役所の掲示板に貼ってある求人広告を見ると、多種多様な宗教が募集を掛けていた。

改めて意識して見ると、シスターにも色々な種類がある。


「女神の教えを忠実に守るシスター募集!『女神教』」

「パーティの要! 来たれ、未来の回復職!『ヒーラー協会』」

「今日からアナタも巫女! 祈祷を捧げ、神々の恩恵を民にもたらしましょう!『八百万神宗』」

「↑の広告は全部ウソっぱち! 神は我等の信じる唯一神だけ! 共に異教徒どもと戦おう! 血の気の多いシスター募集!『唯一神教』」



「トクトリス、どれにする?」


ユニコは私にくっつき、体を擦りつけながら尋ねた。


「そうねぇ…。取り敢えず、全部回ってみましょうか」




 ◇ ◇ ◇




最初に女神教の教会に向かった。

女神教はこの国で最もポピュラーな宗教だ。


教会に着いて扉を開けると、シスターの姿があった。

私はシスターに話し掛けた。


「すいません…。求人を見て来たんですけど…」


「あらぁ、シスター志望の方! いらっしゃい! 良く来てく………………」


シスターは私を見て硬直した。


「…? あ、あの…。どうか…しましたか…?」


シスターは蔑むような目付きで言った。


「はぁ…。
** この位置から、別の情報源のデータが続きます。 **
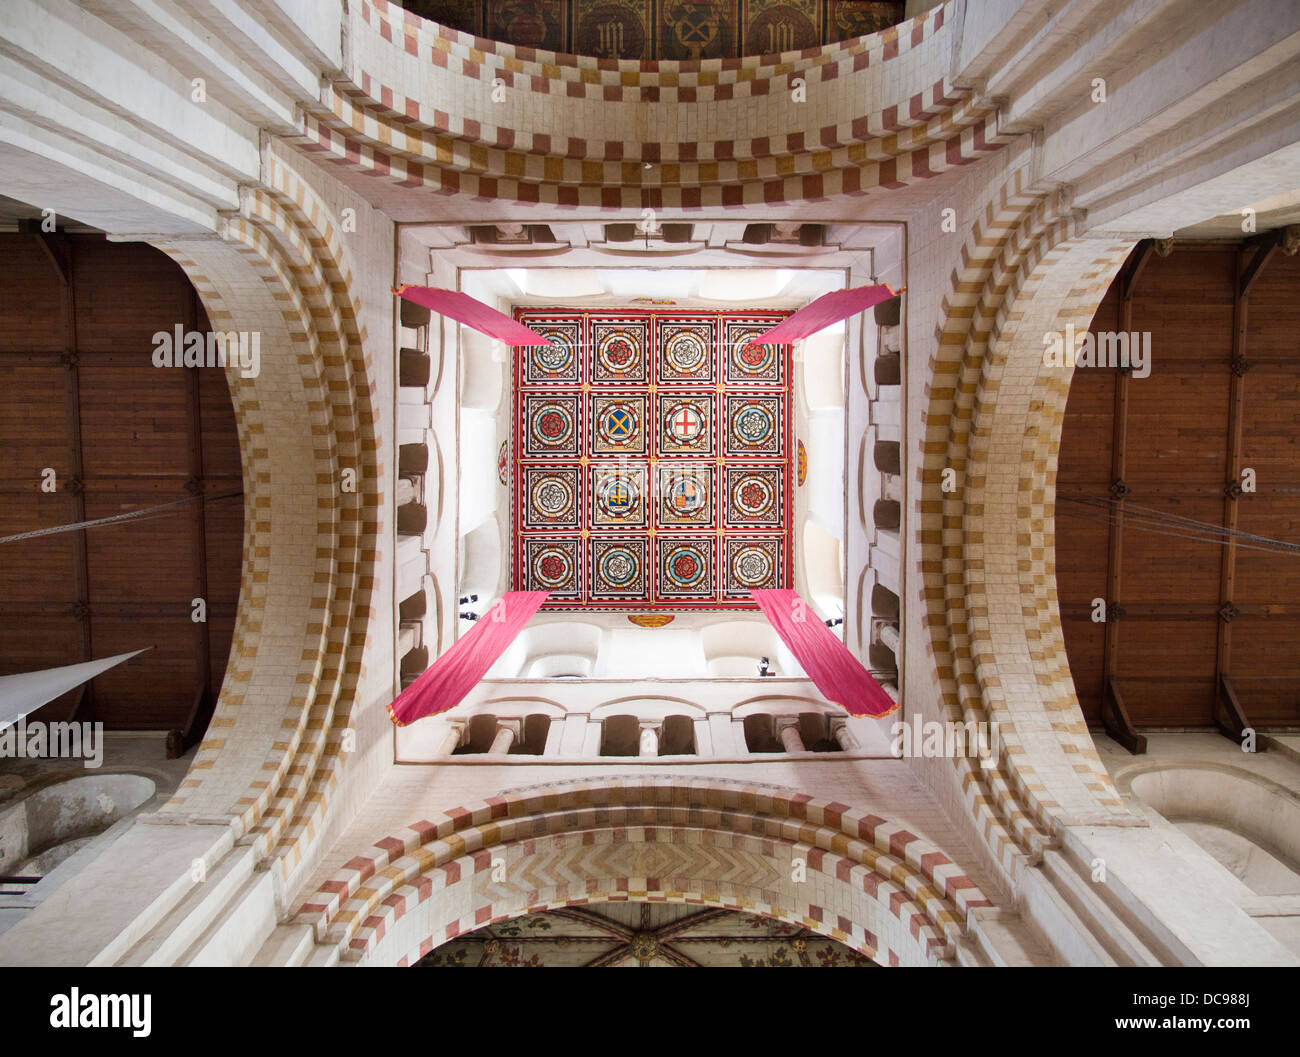 Kathedrale von St Albans in Hertfordshire, England - Interieur Stockfoto

何よアンタ、冷やかし? サキュバスがウチの教会に何の用なのよ?」


「え!? わ、私は…シスターになりたくて…」


「シスターになれるのは、信仰のパラメータが高い者だけ! 人間かエルフかノームしかウチは採らないよ!」


「そ、そんな! 私、頑張りますから…!」


「頑張って済む問題じゃないの! ウチも商売なの! 誰がサキュバスのシスターなんかに回復の依頼をするのよ、気持ち悪い!」


ユニコはムッとして、シスターの前に立ち、


「トクトリスをいじめるな」


と言って、シスターの肩をドンと押した。


シスターは「きゃっ!」と短い悲鳴を上げて転んだ。


「めっ! ダメじゃないユニコ、いきなり乱暴したら…! シスターさん、すみません! 大丈夫ですか…?」


シスターはユニコ……ではなく、私を睨みつけて叫んだ。


「きいぃぃぃぃ!!! いきなり魔法で攻撃するなんて!!! 穢らわしいサキュバスめ、早く出て行け!!!!!」


シスターはユニコが見えていなかった。

どっちが穢らわしいんだか。


私は女神教に見切りをつけて、教会を後にした。




 ◇ ◇ ◇




その後、ヒーラー協会、八百万神宗、唯一神教にも行ったけど、全部断られた。

唯一神教にまで断られたのは流石にショックだった。



「こうなったら、自分で宗教を興すしかないわ!」


そう決心した私は、まずは回復魔法を覚えようと、魔導書店に行った。



「………魔導書って、こんなに高いの…?」


一番安い初級回復魔法【ヒール】の魔導書でも、50万エンもする。


「ねぇトクトリス、ユニコが盗もうか? 店主、おじいちゃんだから、ユニコ見えないよ?」


「ダメよユニコ。万引きは犯罪よ」


「ふゆぅ…。じゃあどうするの?」


「そうねぇ…。いつもの場所で稼ぎましょうか」




そうして私たちは、いつもの場所、裏路地にある『裏カジノ』へ向かった。




 ◇ ◇ ◇




裏カジノの扉を開くと、店員たちは一斉に私を見て、すぐさま警戒した。


「賭場荒らしのトクトリスが来たぞ……!!」

「て、店長呼んでこい!!」


そんな声が聞こえてくる。

ユニコを使って街中のカジノで荒ら稼ぎしてきたから、「賭場荒らし」なんて異名を付けられた。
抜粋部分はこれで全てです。